Page 4 - suara yang dibungkam
P. 4
Titus: (mulai terlihat marah, tapi tetap menundukkan kepala, menghela napas panjang)
"Kalian nggak tau apa-apa tentang aku."
Siska: (terus memprovokasi)
"Oh, kami tahu kok. Kau dari mana, kulitmu kayak apa. Itu udah cukup buat kami." (tertawa
lagi)
Albi: (melirik ke kanan kiri, merasa tidak nyaman dengan situasi ini)
"Revan, Siska... udahlah, kita makan aja. Aku lapar."
Revan: (dengan nada meremehkan)
"Ah, Albi! Kau ini kenapa sih? Ini cuma bercanda. Kalau mereka nggak kuat, berarti mereka
lemah."
Amira: (berbisik lagi kepada Titus)
"Titus, sudah, kita pergi saja. Nggak ada gunanya berdebat sama mereka."
Titus: (perlahan berdiri, tatapannya penuh kekecewaan, tapi dia tahu tak ada gunanya melawan)
"Amira, aku capek terus-terusan harus lari. Mereka nggak akan berhenti."
Saat Titus hendak pergi, Pak Tedy tiba-tiba muncul di dekat mereka, memperhatikan percakapan
dari kejauhan. Suaranya tenang, tapi tegas.
Pak Tedy:
"Titus, Amira, duduklah kembali. Kita akan selesaikan ini sekarang."
Revan, Siska, dan Albi terlihat kaget dengan kedatangan Pak Tedy, tetapi Revan berusaha tetap
terlihat santai.
Revan: (tersenyum licik, mencoba menutupi rasa terkejut)
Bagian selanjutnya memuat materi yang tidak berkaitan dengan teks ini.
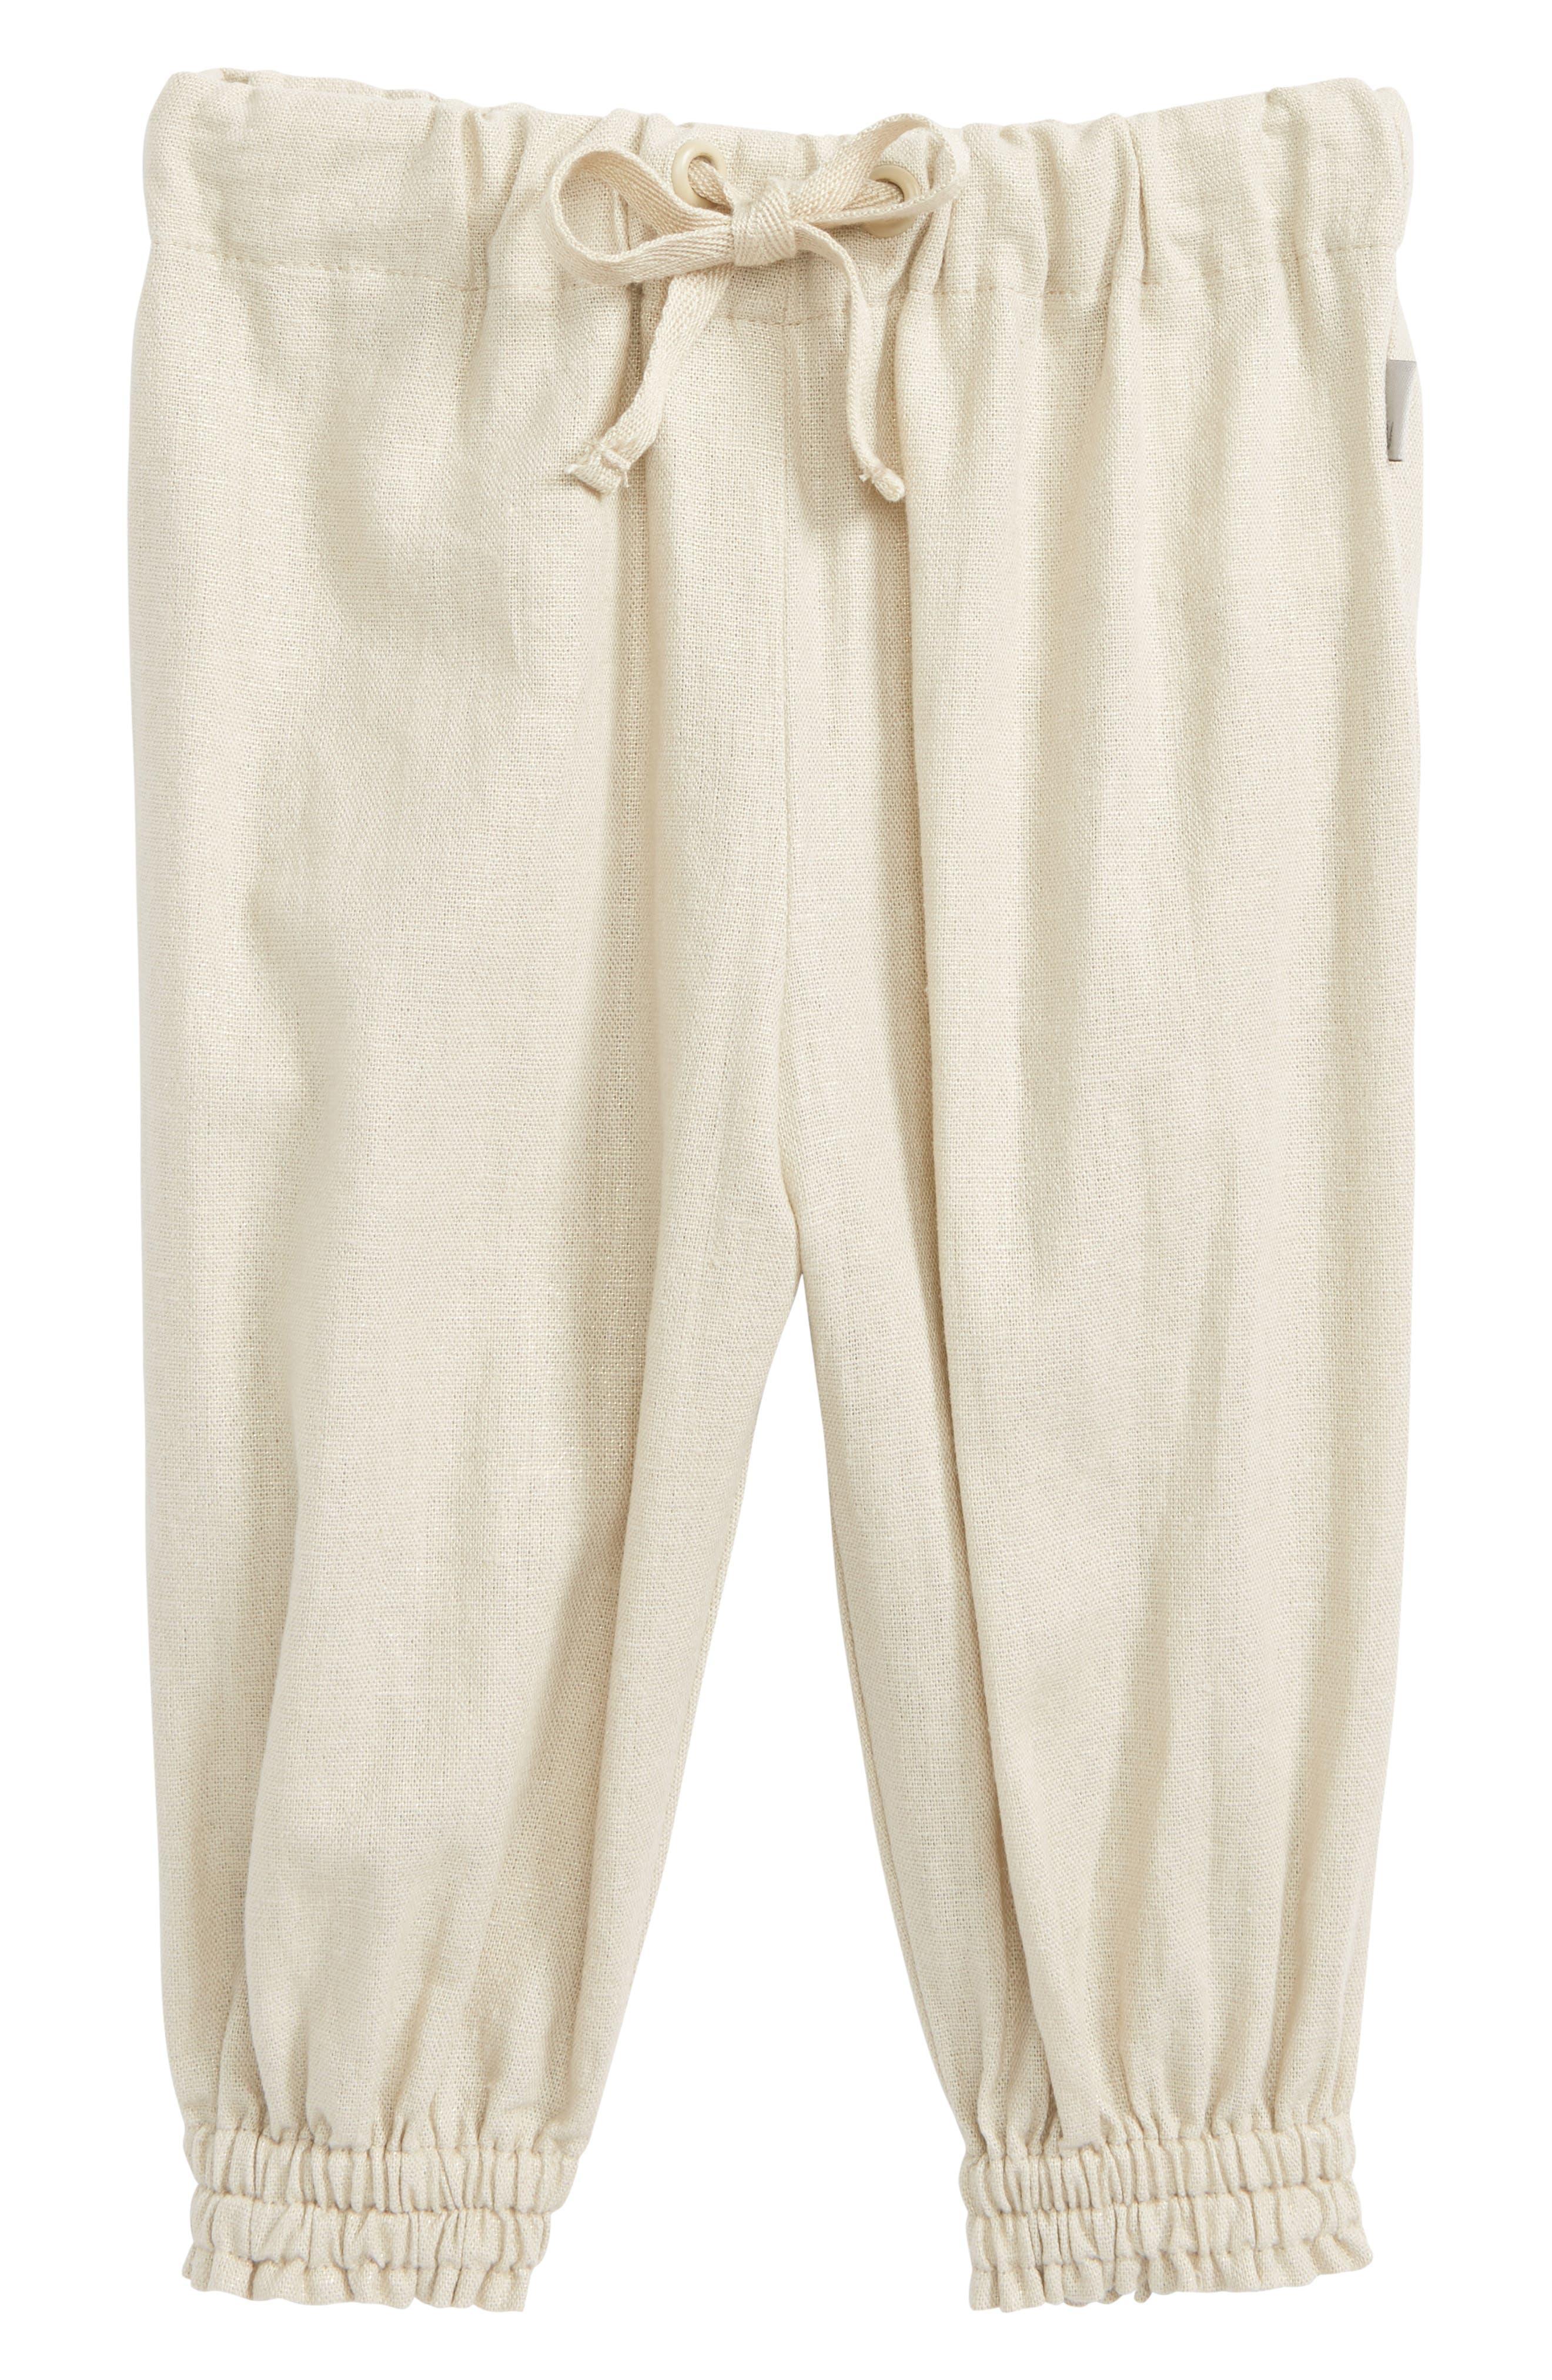 Lina Linen Blend Pants,                         Main,                         color,

"Wah, Pak Tedy! Kami cuma bercanda kok. Nggak ada yang serius, kan, teman-teman?"
Pak Tedy: (menatap tajam ke arah Revan, lalu melihat ke arah Siska)
"Kadang, candaan bisa lebih menyakitkan daripada yang kalian sadari. Dan kadang, orang yang
paling lemah adalah yang merasa harus selalu terlihat kuat dengan merendahkan orang lain."
Siska: (mendesis pelan, berusaha tersenyum)
"Pak, kami nggak maksud apa-apa kok. Cuma bercanda."
Pak Tedy: (menatap ke arah Siska dengan tegas)
"Candaan yang menjatuhkan orang lain, terutama berdasarkan sesuatu yang tak bisa mereka ubah
seperti warna kulit, itu bukan candaan, Siska. Itu perundungan."
Suasana kantin hening. Semua siswa memperhatikan percakapan ini. Revan terlihat kesal,
namun tidak berani melawan langsung Pak Tedy.